Pheiroijamba (ꯐꯩꯔꯣꯏꯖꯥꯝꯕ, also spelled Feiroijamba) is a figure from the traditional Moirang Kangleirol stories of the ancient Moirang kingdom. He is the son of Chaoba Nongthon, a Moirang official and guardian of the orphaned children of the warrior Puremba. Pheiroijamba is the husband of Khamnu, the elder sister of Khamba, making him brother-in-law of Khamba and son-in-law of Puremba and Ngangkha Leima.

Pheiroijamba was a son-in-law of King Chingkhu Telheiba of Moirang, as his wife Khamnu was biologically the king's daughter but was raised by Puremba, just like her younger brother Khamba, who also became a son-in-law of the Moirang royal family by marrying Princess Thoibi, the daughter of the king's younger brother, Chingkhu Akhuba.

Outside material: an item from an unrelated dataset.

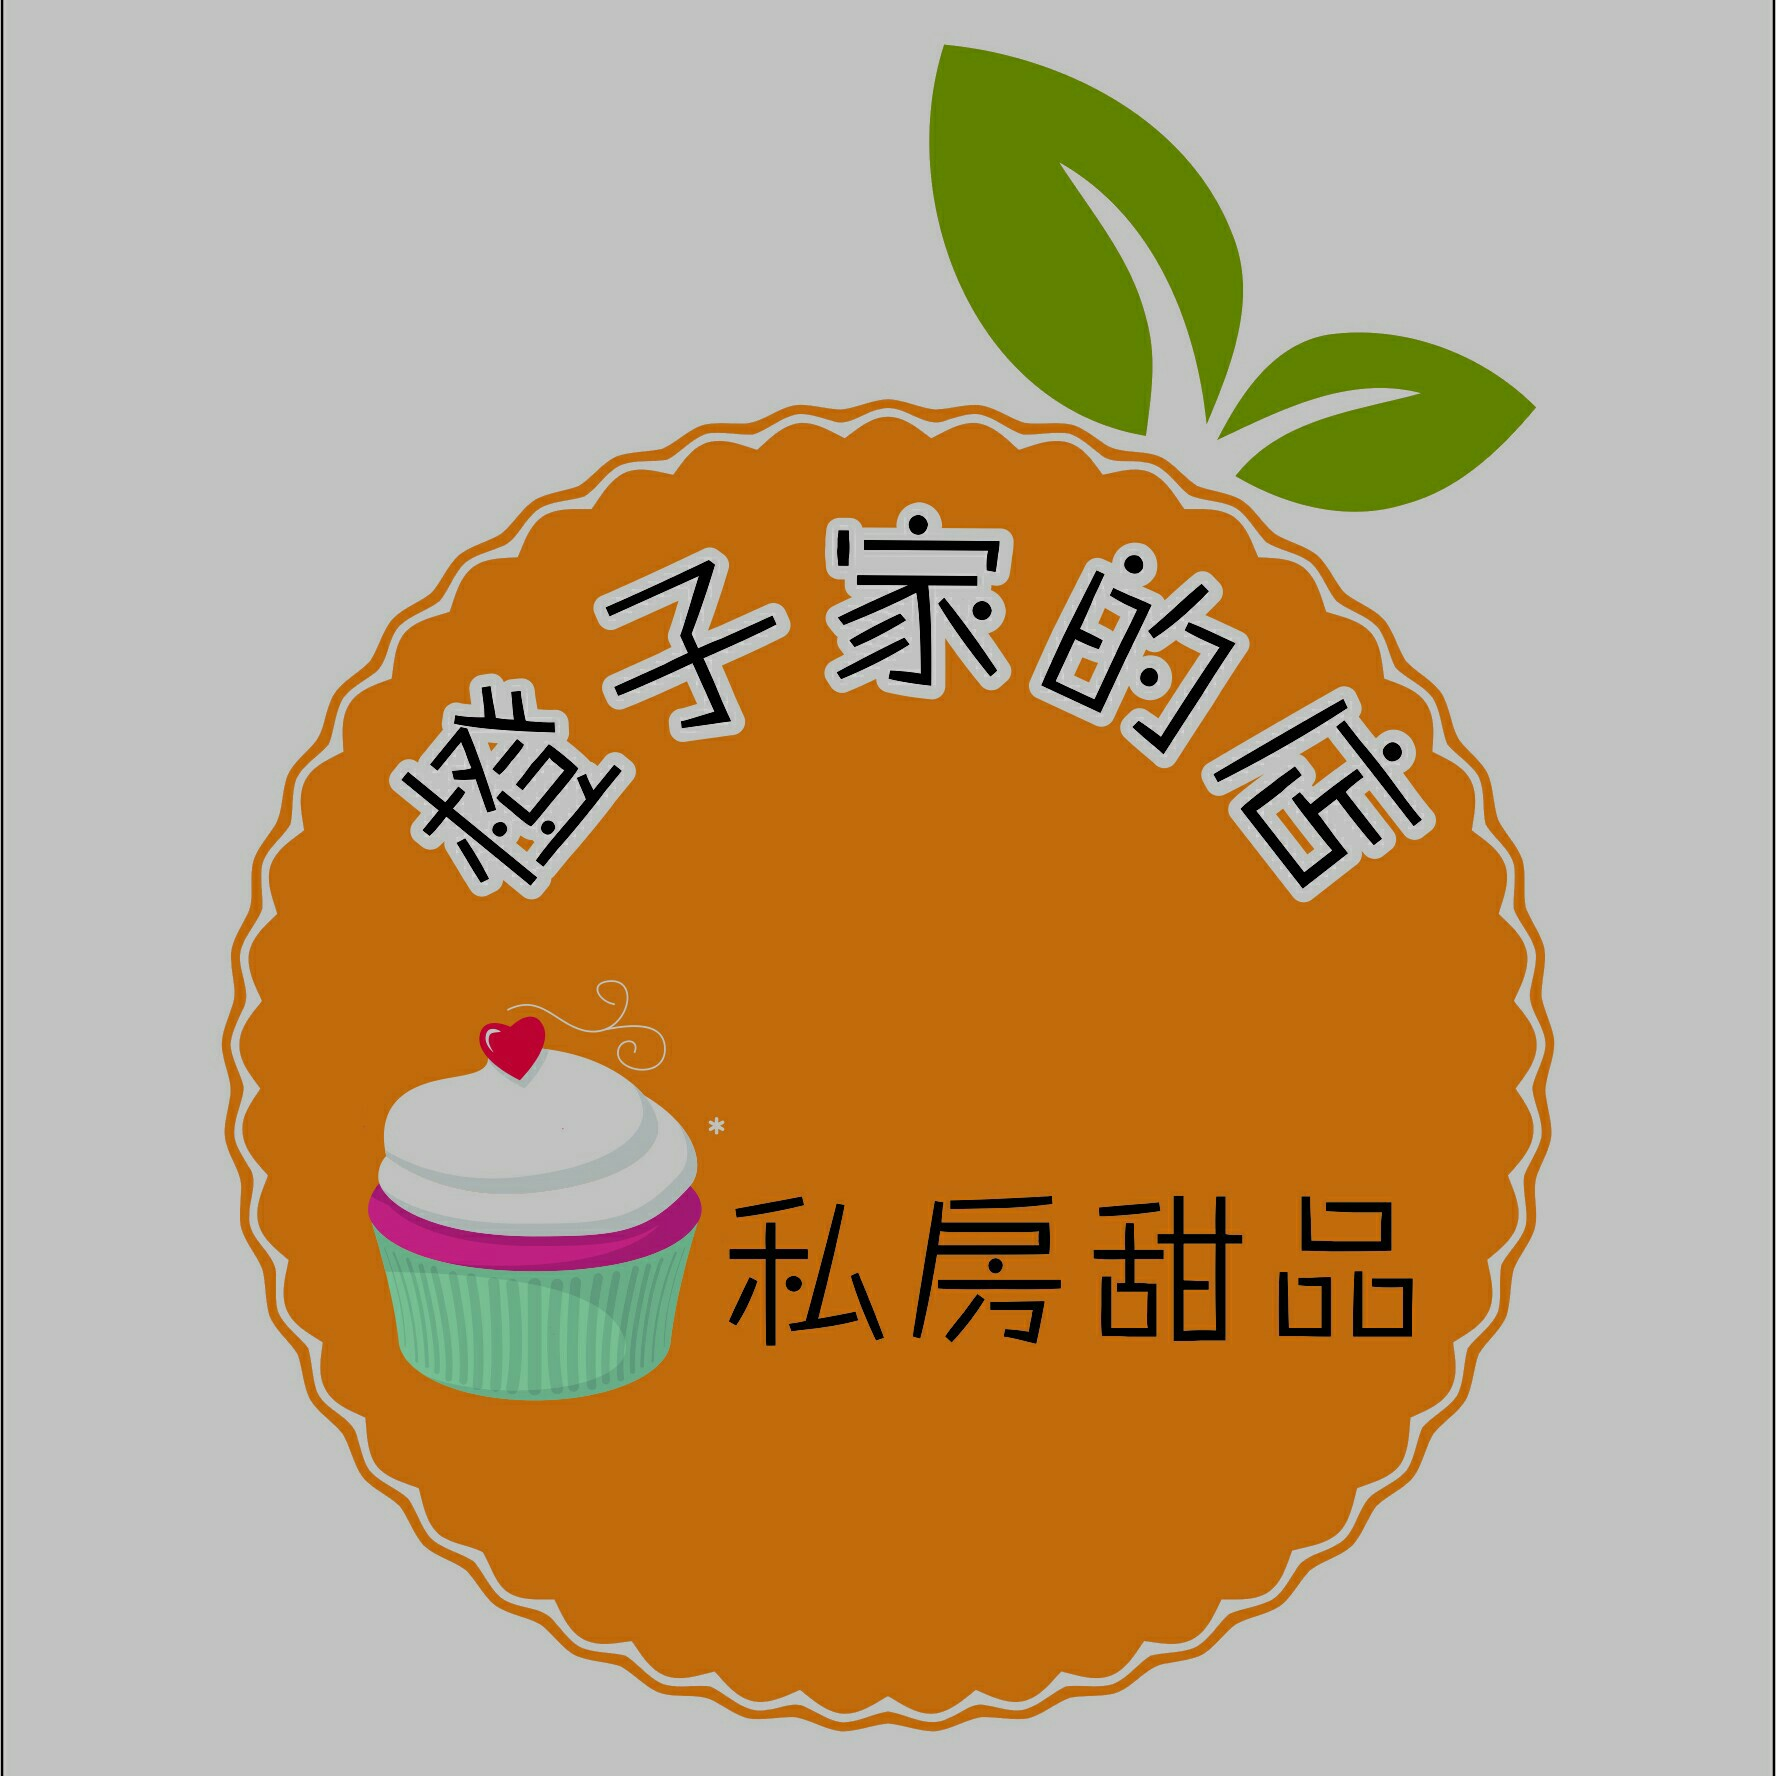 橙子🍊家的店.私房甜品

== Early life and adoption ==

Pheiroijamba was brought by Chaoba Nongthon to his household and raised as his son. Being childless, Chaoba Nongthon personally cared for Pheiroijamba, ensuring his proper upbringing and training. He was raised alongside Khamnu and her younger brother Khamba, the children of Puremba and Ngangkha Leima, who had been orphaned after Puremba's death and Ngangkha Leima's return to heaven.

== Marriage and family ==

In accordance with prior arrangements made between Chaoba Nongthon and Puremba, Pheiroijamba married Khamnu when they reached adulthood. Through this marriage, he became directly connected to the lineage of Puremba and Ngangkha Leima, reinforcing the protection and continuity of the family. As Khamnu's husband, he was closely involved in the lives of her family, including Khamba, his brother-in-law.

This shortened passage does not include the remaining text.